Whether you are a database administrator, a software engineer, or simply someone looking to improve the performance and scalability of your database, understanding the basics of Data Partitioning and Data Sharding is essential. By embracing these techniques and following best practices, you can take your database to the next level, ensuring that it is able to deliver the performance and scalability that your organization needs to succeed in the digital age.
FAQs
Q: What is Data Partitioning?
A: Data Partitioning is the process of dividing a large database into smaller, more manageable pieces called partitions. This allows for improved performance and scalability, as well as reduced downtime in the event of a failure.
Q: What is Data Sharding?
A: Data Sharding is a specific type of Data Partitioning in which the data is divided into smaller pieces called shards and distributed across multiple servers. This allows for improved performance and scalability, as well as reduced downtime in the event of a failure.
Q: What is the CAP Theorem?
A: The CAP Theorem is a framework for understanding the trade-offs involved in Data Partitioning and Data Sharding. It states that it is impossible for a distributed system to simultaneously provide Consistency, Availability, and Partition Tolerance. Therefore, it is important to carefully balance these trade-offs when implementing Data Partitioning and Data Sharding.
Q: What are the trade-offs between Consistency, Availability, and Partition Tolerance?
A: Consistency refers to the requirement that all nodes in a distributed system see the same data at the same time.

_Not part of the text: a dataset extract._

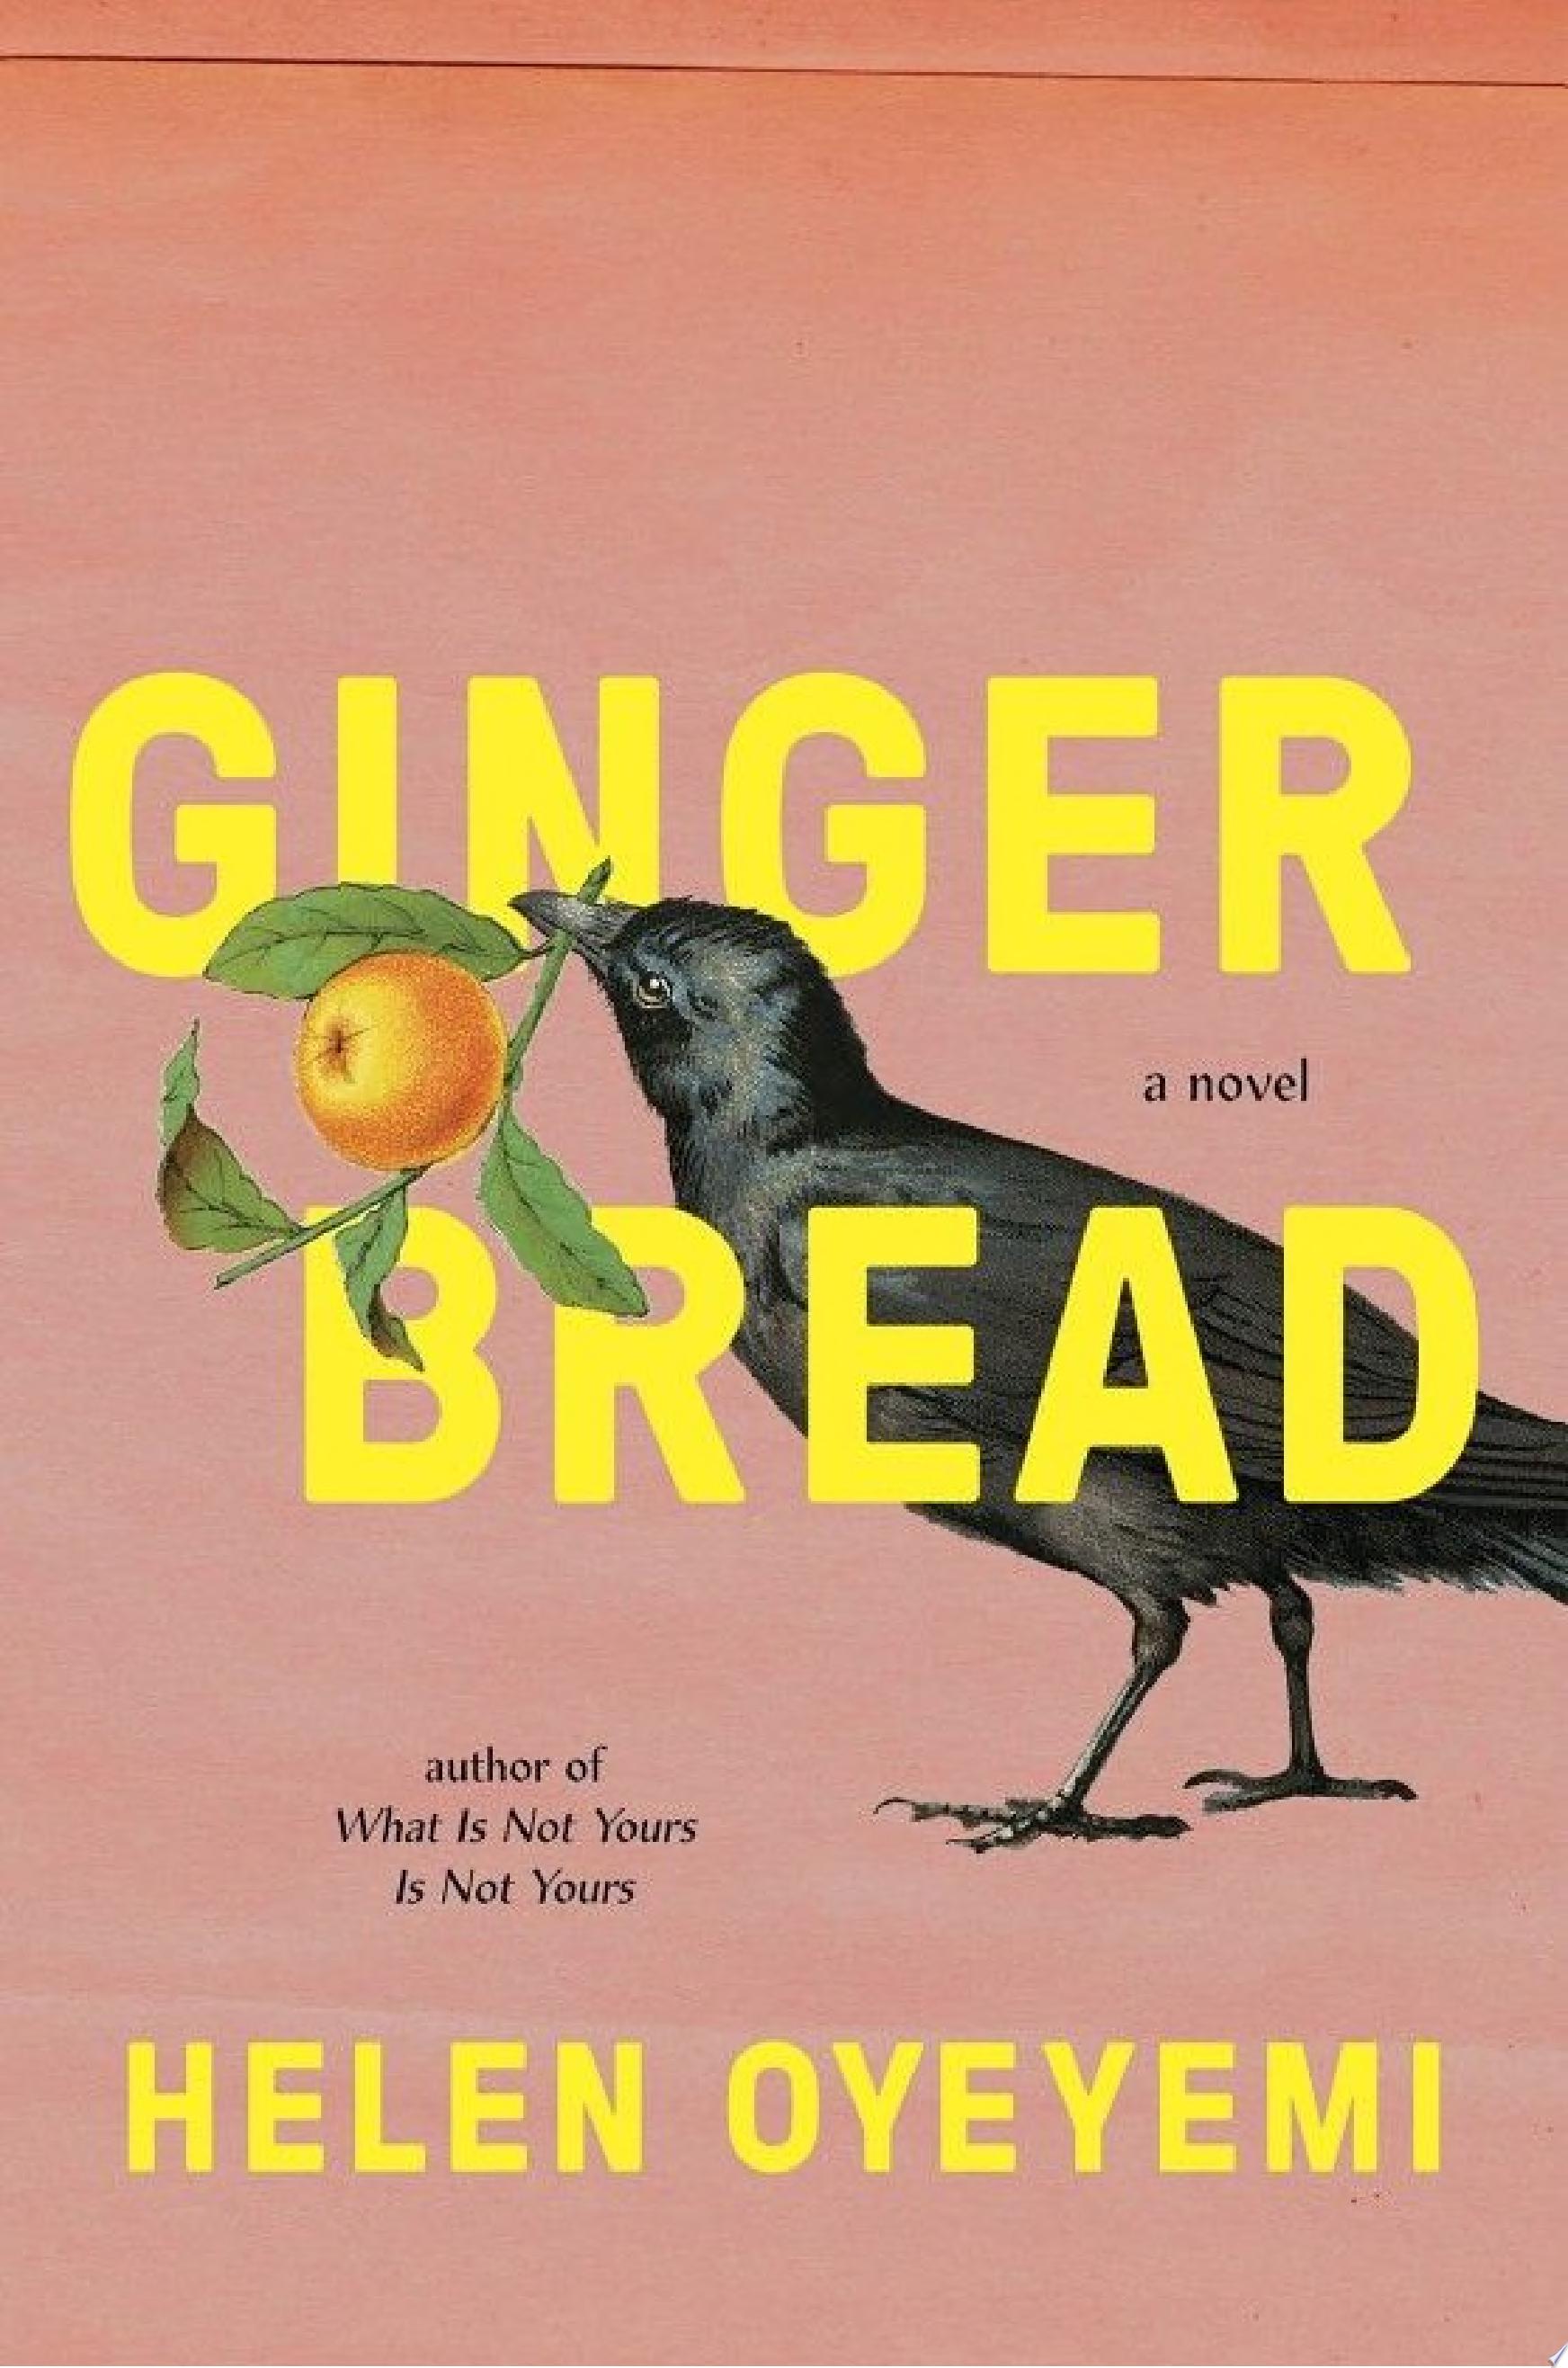 Image for "Gingerbread"

Availability refers to the requirement that the system is always available, even in the event of a failure. Partition Tolerance refers to the requirement that the system continues to operate, even in the event of a network partition. The trade-off between these properties is that as the requirement for consistency increases, the requirement for availability and partition tolerance decreases, and vice versa.
Q: What are the best practices for Data Partitioning and Data Sharding?

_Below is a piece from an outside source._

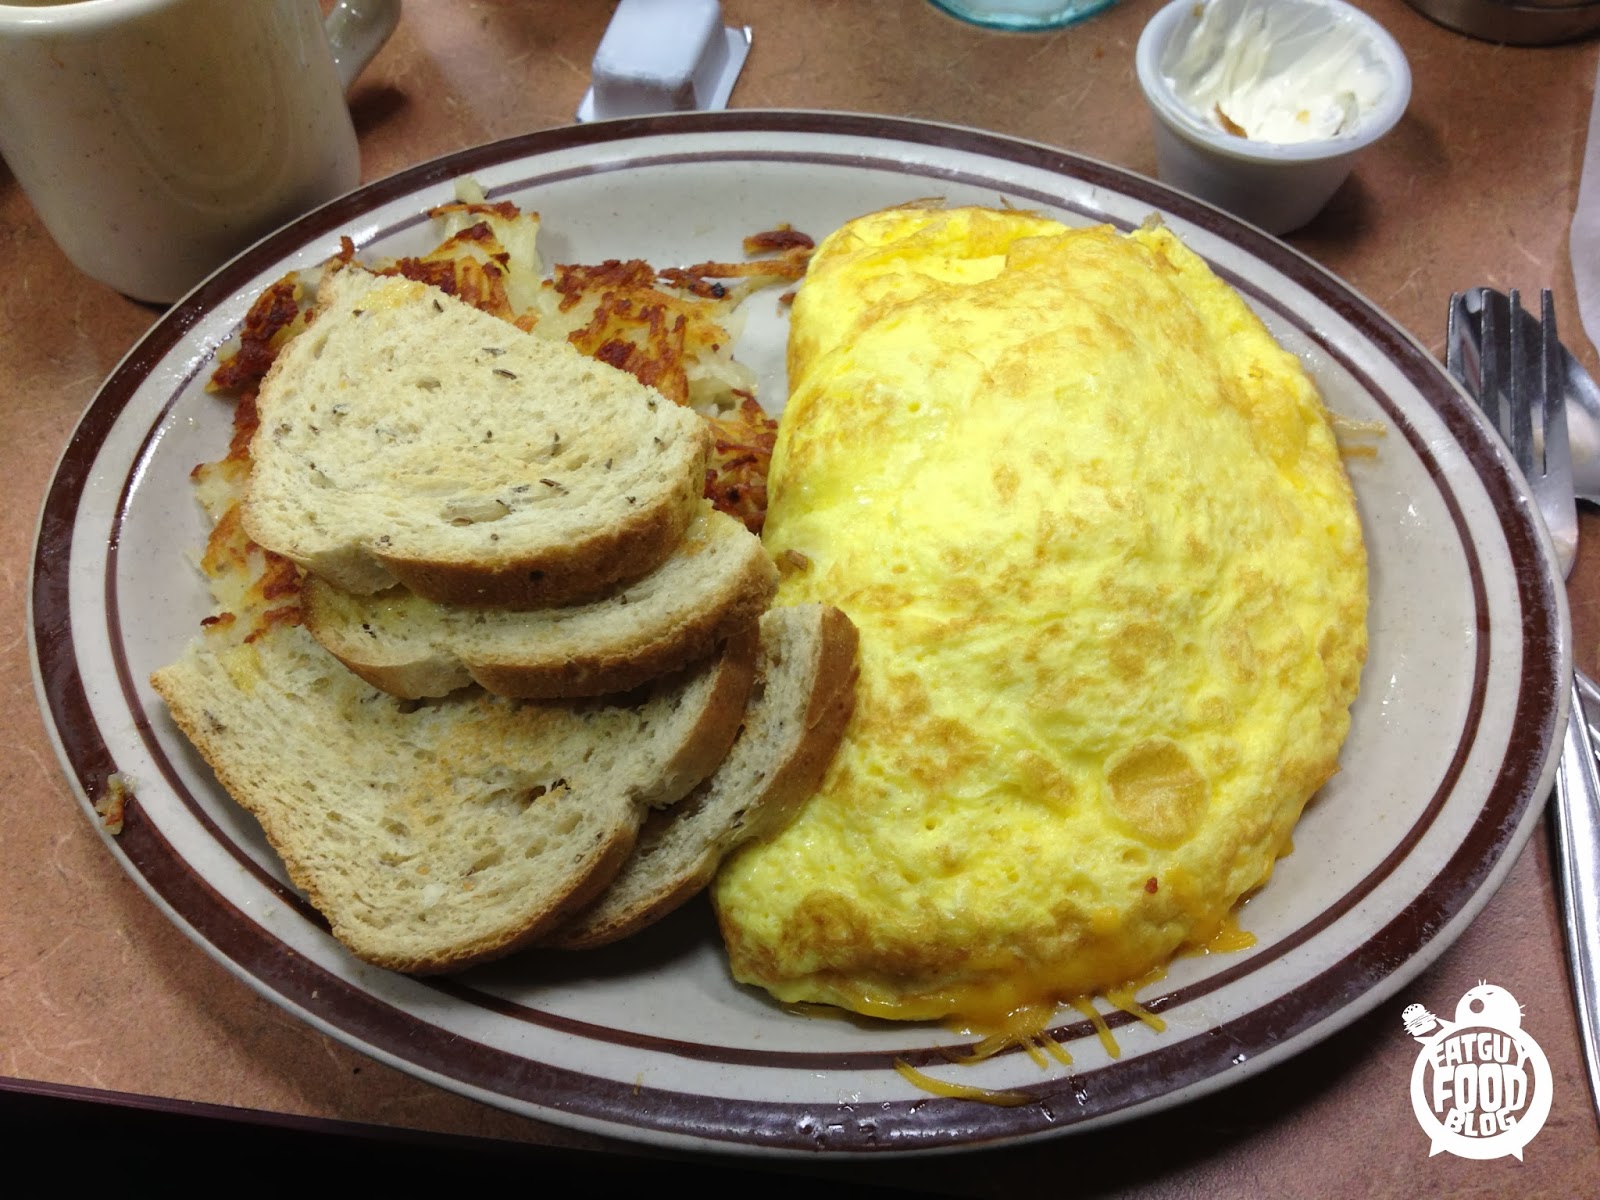 Inspired By An Omelet: The Attraction of Denny's For Seniors

A: The best practices for Data Partitioning and Data Sharding include choosing the right partition strategy, considering the trade-offs, planning for scalability, monitoring performance, using the right tools, and thoroughly testing the implementation before deployment. By following these best practices, organizations can ensure that their Data Partitioning and Data Sharding implementations are effective and efficient.
Q: Why are Data Partitioning and Data Sharding important for modern databases?

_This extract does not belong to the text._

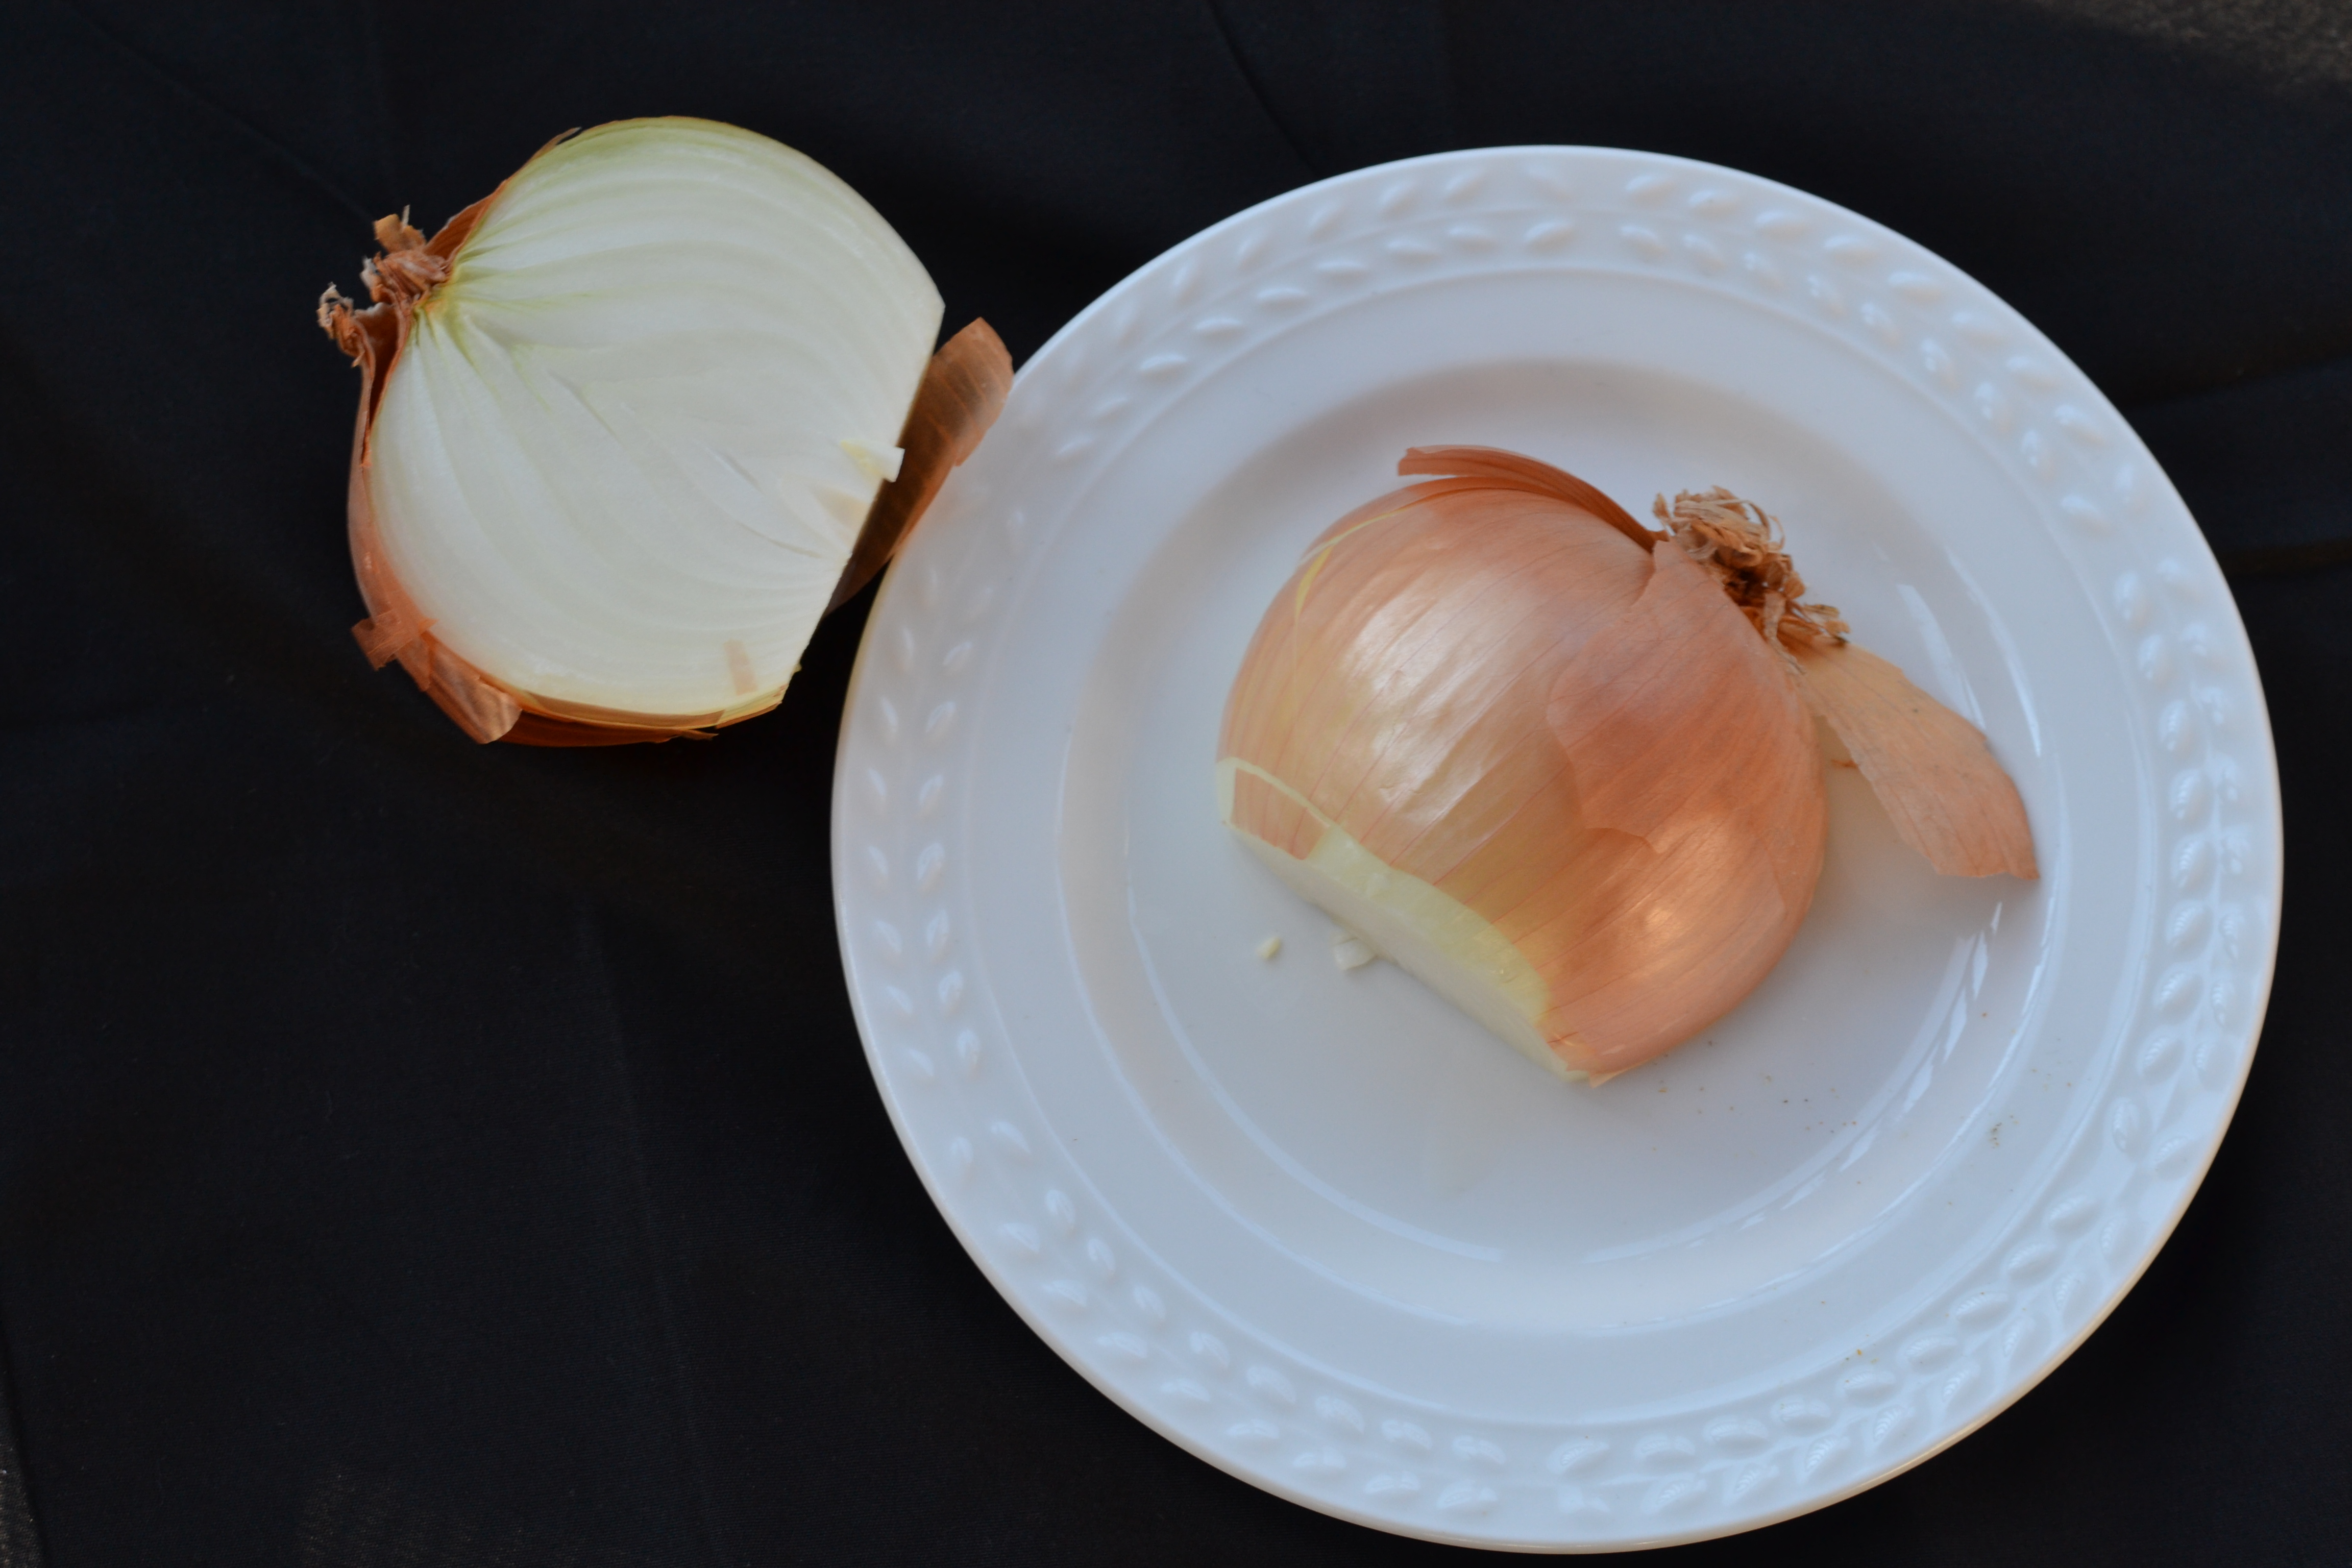 How to Use Onions to Fight Off Illness | The Easy Homestead

A: With the increasing volume of data being generated and stored in modern databases, scalability and performance are becoming increasingly critical issues. Data Partitioning and Data Sharding are essential techniques for addressing these issues, as they allow for improved performance and scalability, as well as reduced downtime in the event of a failure. By embracing these techniques, organizations can ensure their databases are able to meet the demands of the modern world.
Enterprise Software Architect and Strategic Advisor
1 年Great solutions to common problems with large data sets Basil! A great way to identify the root cause of slow relational database performance is to start with response time monitoring, this will confirm that the problem is actually the database, and when it is occurring. Next dive into Wait Events (Wait Types), these are produced by all major RDBMS and will tell you exactly what you are waiting on for the queries with the slowest response times. #SQLServer #OracleDB #PostgreSQL #MariaDB
Good stuff Bassel! One additional layer of complexity occurs when the datasets aren’t all contained within any specific scalable architecture - and more specifically between high and low side national security data architectures.